Extinct Samoyedic variety of Kamas

The Koibal dialect is a dialect of the Kamas language or arguably another independent Sayan Samoyed language. About 600 words of the Koibal dialect are known, but there are no grammatical descriptions of Koibal. The vocabulary of Koibal is very similar to Kamas proper.
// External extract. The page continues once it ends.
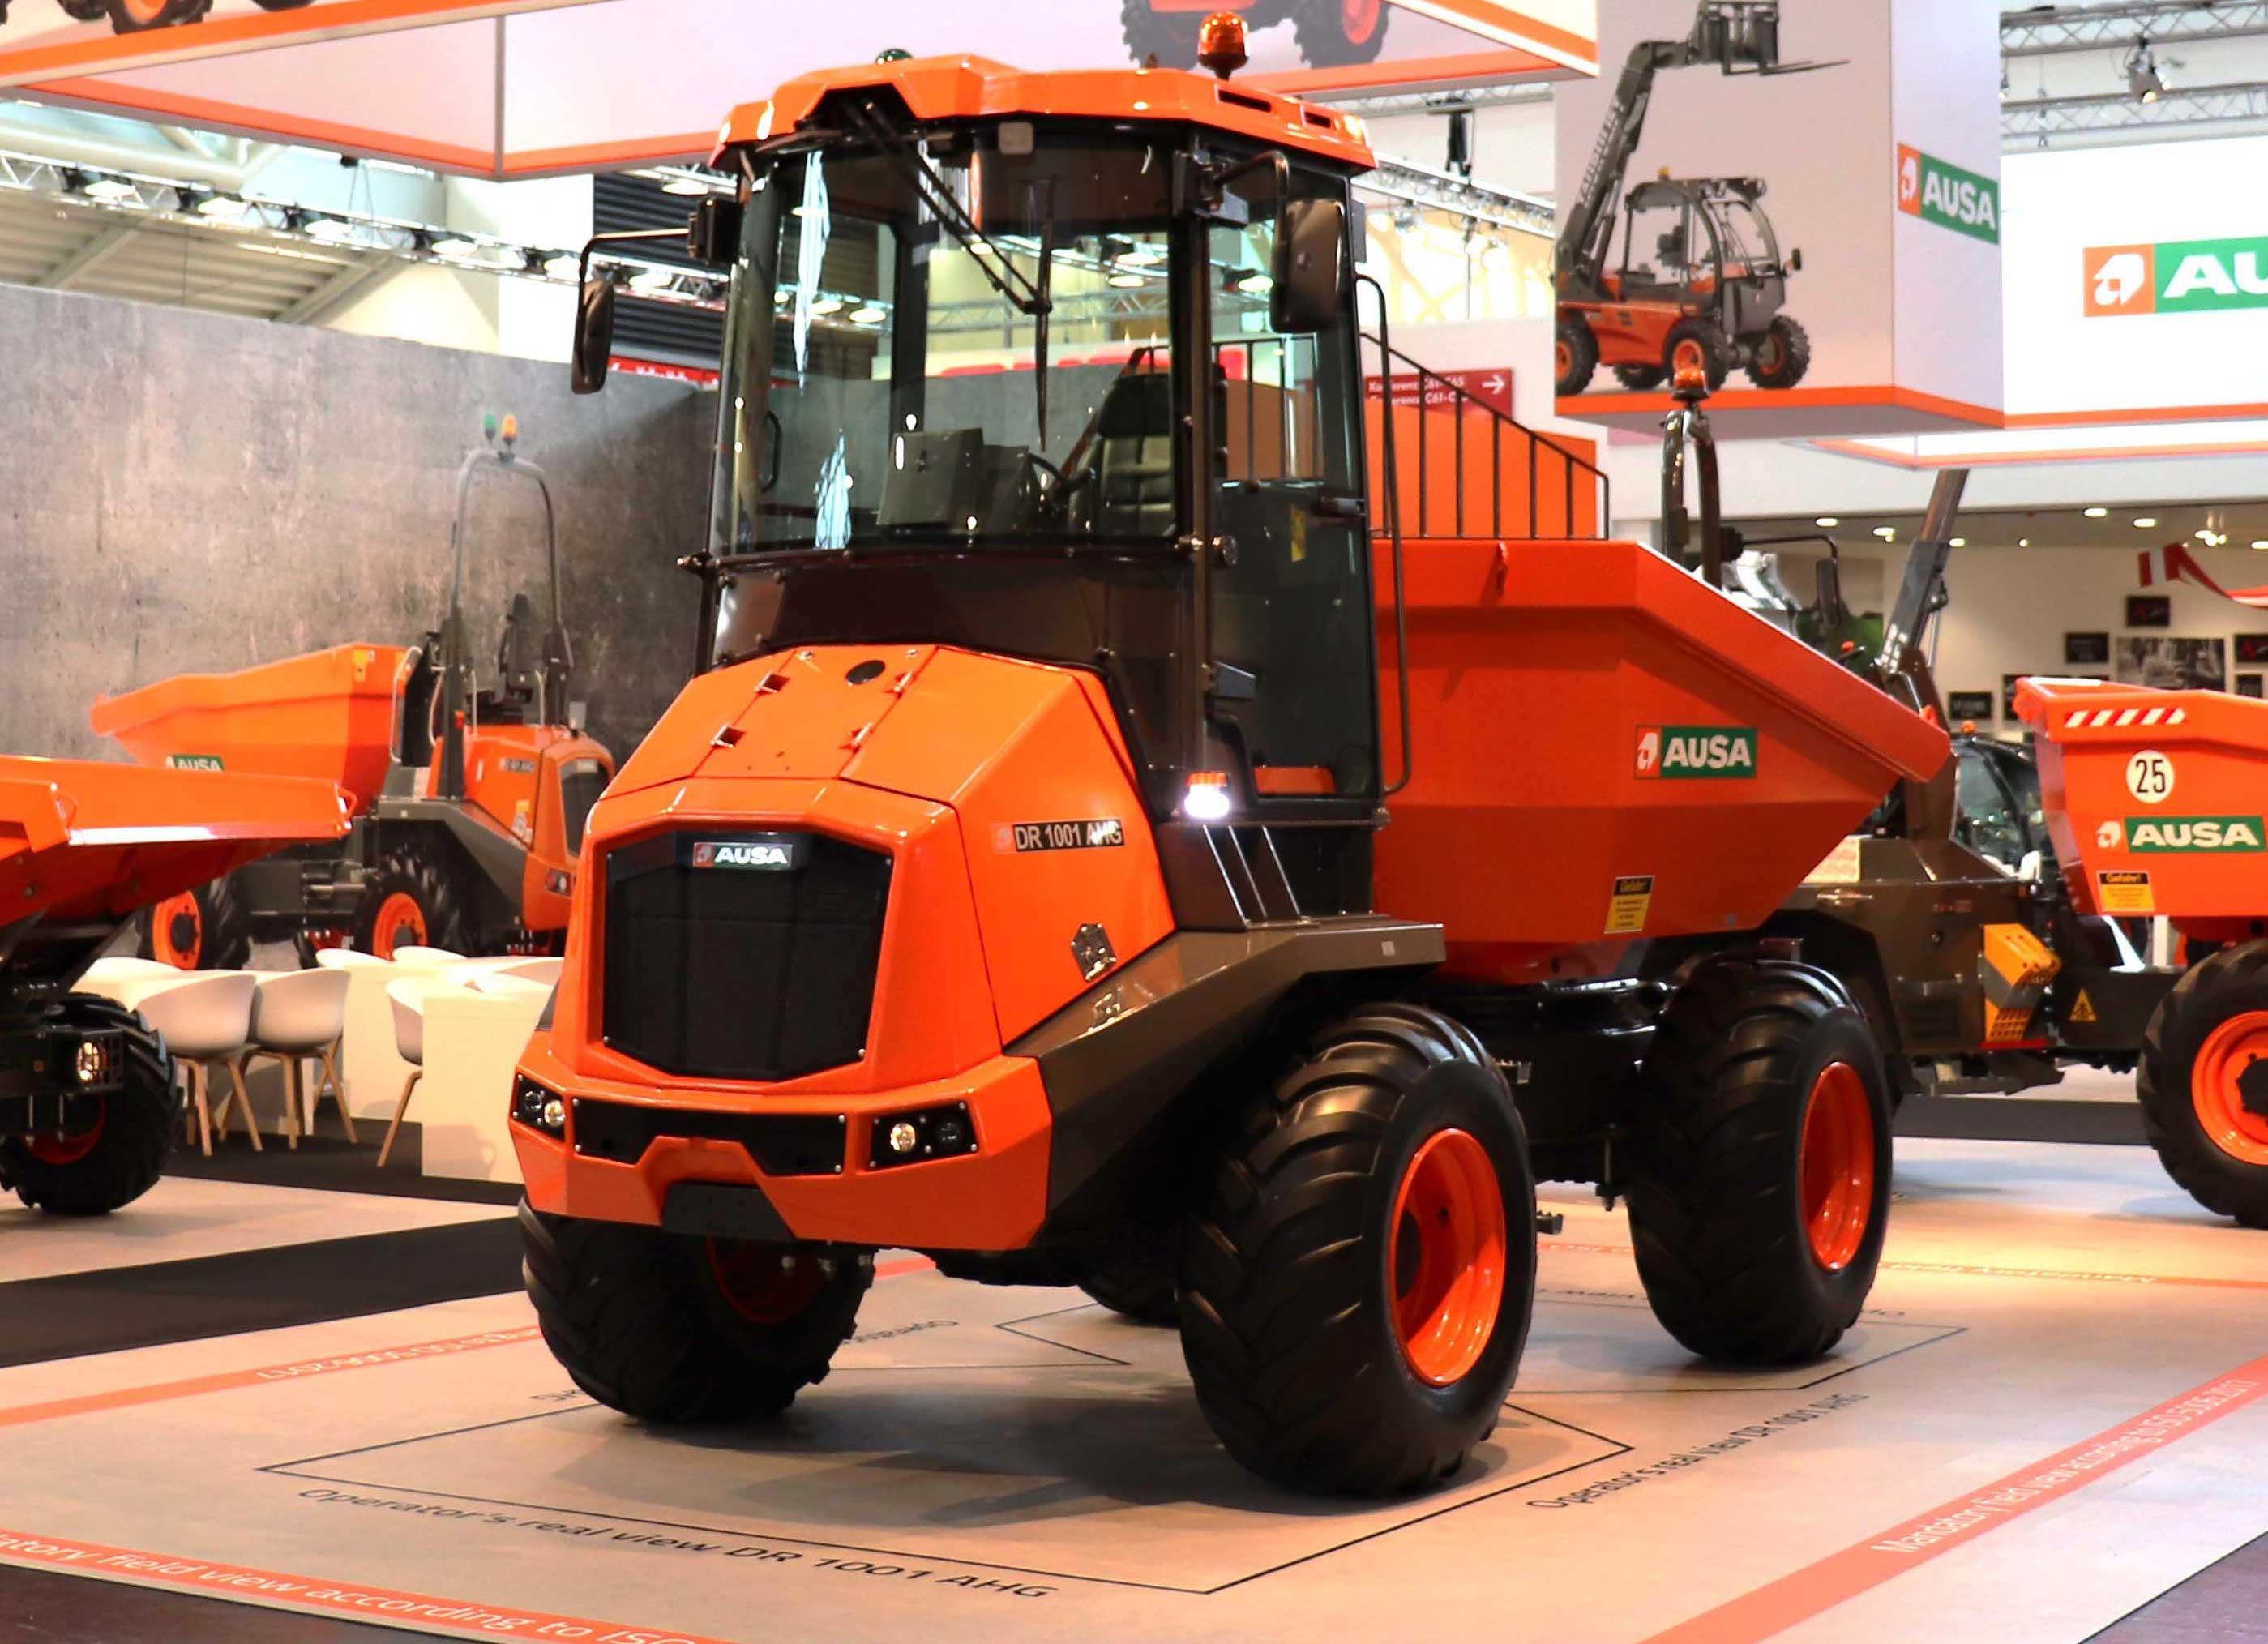 Ausa DR1001AHG site dumper is a 22,000-pound unit

The Koibal dialect died around the 19th century. The Koibals assimilated into Turkic tribes. There was a Koibal-Russian glossary published in 1806. It is possible that it has a SOV word order, as so does Kamas.

Matthias Castrén concluded that Koibal and Karagas have a Yeniseian substratum, after meeting with speakers who used Yeniseian words in their speech.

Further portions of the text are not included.